The Reserve Bank of India and the Securities Exchange Board of India, the banking and stock market regulators, respectively, have notified the guidelines for currency futures trading on stock exchanges.
The final guidelines are little different from the recommendations made by a standing technical committee comprising members from both the regulators, except for details on the participation of banks in this market.
The key worry about the recommendations (now accepted as guidelines) is the low position limit prescribed for trading members. Trading members can have a maximum gross open position of not more than $25 million (Rs105 crore now). A trading member which is a bank can have an open position of up to $100 million.
The guidelines don’t mention it specifically, but it is safe to assume that a position limit of $5 million (or around Rs21 crore) is applicable at the client level, based on the recommendations of the standing technical committee. That would leave out meaningful participation from large and mid-sized companies which have a much bigger hedging requirement.
While the higher limit for trading members that are banks is welcome, note that the currency futures platform was a good opportunity to provide users an alternative to over-the-counter (OTC) products currently offered by banks.
The exchange platform is much more transparent and the mechanism of having a central clearing house almost entirely negates settlement risk. The OTC market, on the other hand, falls short on this measure, as is evident by the plethora of court cases currently going on between some companies and banks on account of exotic currency derivatives positions that went sour.
But, with a position limit of Rs21 crore, the exchange platform is hardly a viable option for large and mid-sized corporates. In addition, banks don’t charge mark-to-market margins for OTC products, which may cause further hesitation among companies in accessing the exchange-traded platform, which is stringent in collecting margins.
True, small retail players that currently provide liquidity to the equity and commodity markets will help in building volumes on the platform.
But, low interest from genuine users doesn’t bode well for any market. If regulators are serious about seeing the new product succeed, they should create at least a level-playing field between the OTC and the exchange-traded platform.

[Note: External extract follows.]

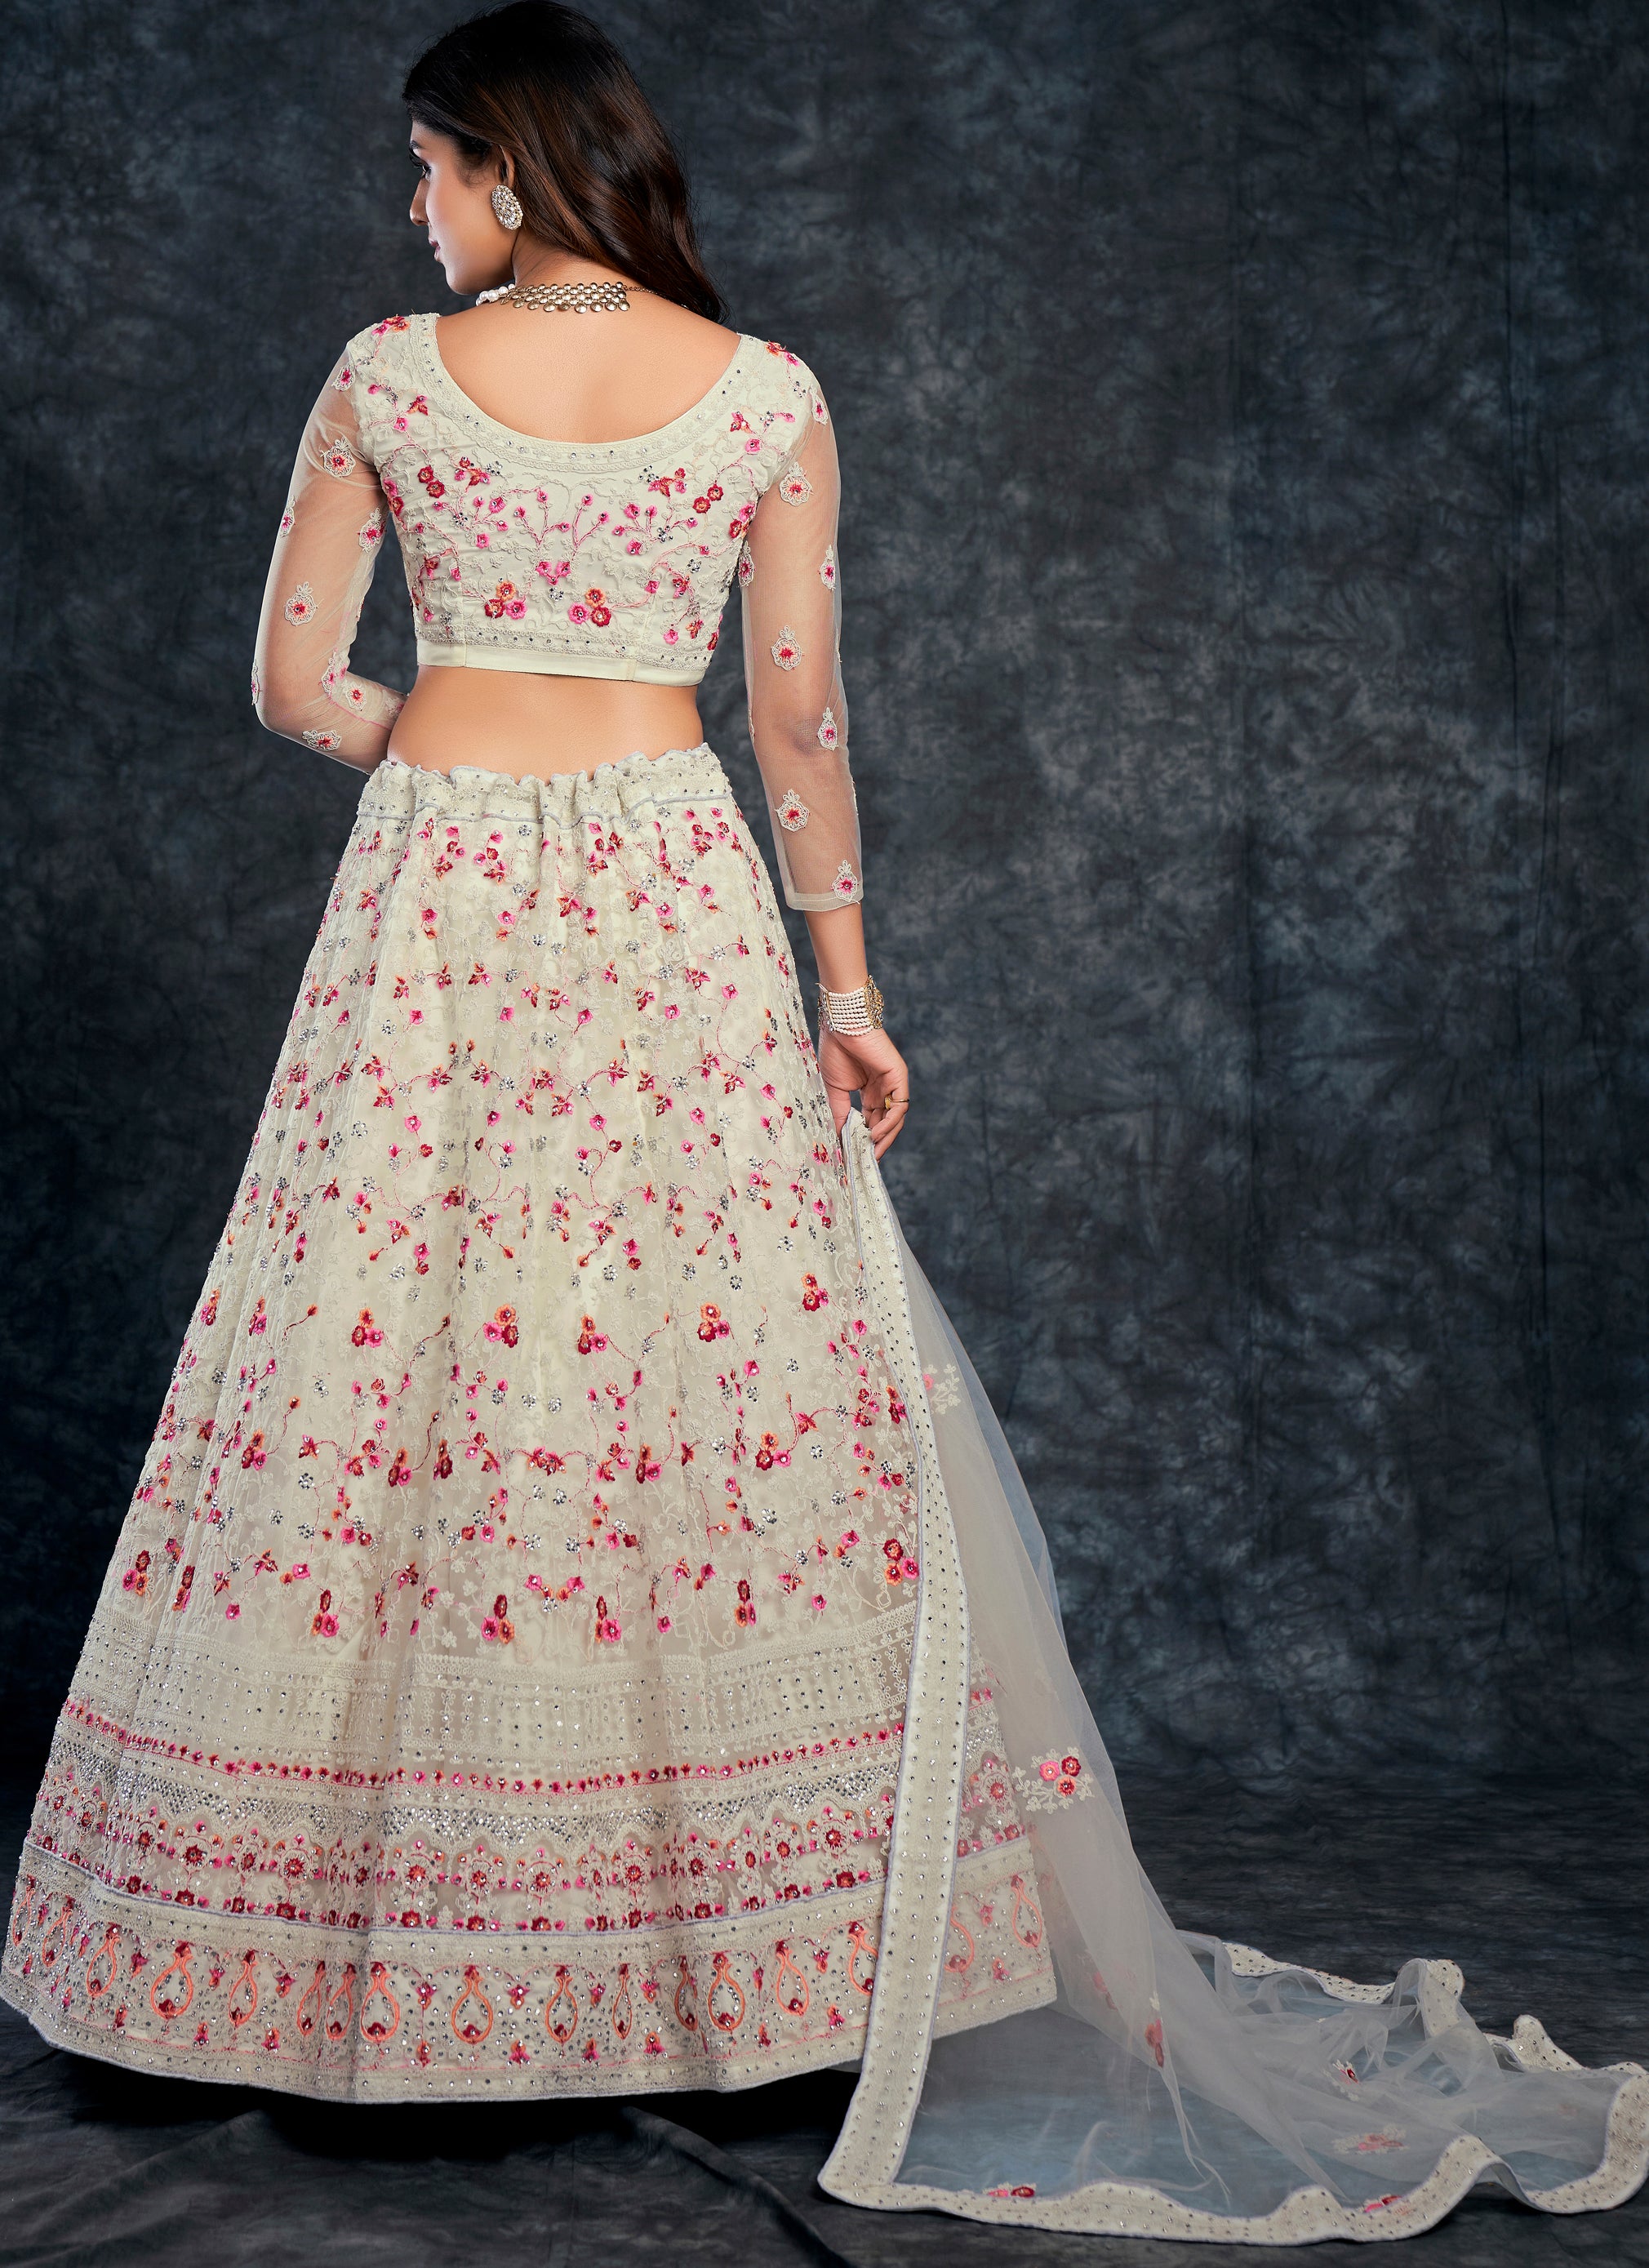 Heavenly Off-White and Pink Colored Designer Bridal Lehenga Choli

Nestle India continues to record fast-paced growth
(PERFORMANCE BOOST) Food and drink company Nestle India Ltd has justified its stock price of 33 times trailing earnings per share by continuing to grow revenues and profit at higher-than-industry rates in the first two quarters of this year.

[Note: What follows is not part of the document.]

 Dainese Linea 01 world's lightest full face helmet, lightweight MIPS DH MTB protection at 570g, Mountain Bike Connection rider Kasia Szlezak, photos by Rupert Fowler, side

Revenues grew by 23.5% last quarter, despite a relatively high base— revenues had increased by more than 23% even in last year’s June quarter. This is the sixth consecutive quarter when its sales have risen by more than 20%.
True, some of the increase in revenues is owing to price increases taken by the company, but even volume growth has been impressive. In the first six months of the year, volumes grew by 17.8%, the main reason why revenues grew by 24.9%. While the milk products and nutrition division, the largest contributor to revenues, grew volumes at a lower rate of 10.9%, volumes of prepared dishes and cooking aids jumped by 29.9% and those of chocolates and confectionery rose by 20.4%. Sales of beverages were flat.
But on an overall basis, volume growth has been strong and this has been helped by the company’s focus on launching its products at low price points.
In a presentation to analysts this week, the Indian unit of Switzerland-headquartered Nestle SA pointed out that 40% of all FMCG (fast moving consumer goods) sales in the country were in products priced at less than Rs10. Although Nestle’s product categories don’t exactly cater to the mass market, lower price points do help in increasing penetration, as is evident from the results in the past many quarters. The increase in modern trade with large retail stores has further helped the company increase volumes, as has the launch of new products.
What’s more, margins have been more or less maintained despite input cost pressures. Prices of oils, green coffee, milk solids and wheat—all inputs for the company—have been on the rise. But the company has managed to offset these through price increases, and operating profit has risen by nearly 30% in the first six months of this year.
Apart from the strong growth and bright prospects, investors are also excited about the strong dividend payouts by the company.
In the last 10 years, the company has generated a net profit of Rs2,231 crore. But its net worth (share capital plus reserves) has risen by just Rs160 crore during the same period. What this essentially means is that the balance amount has been paid out as dividend.
The company’s high growth and strong dividend track record are what’s keep the stock ticking.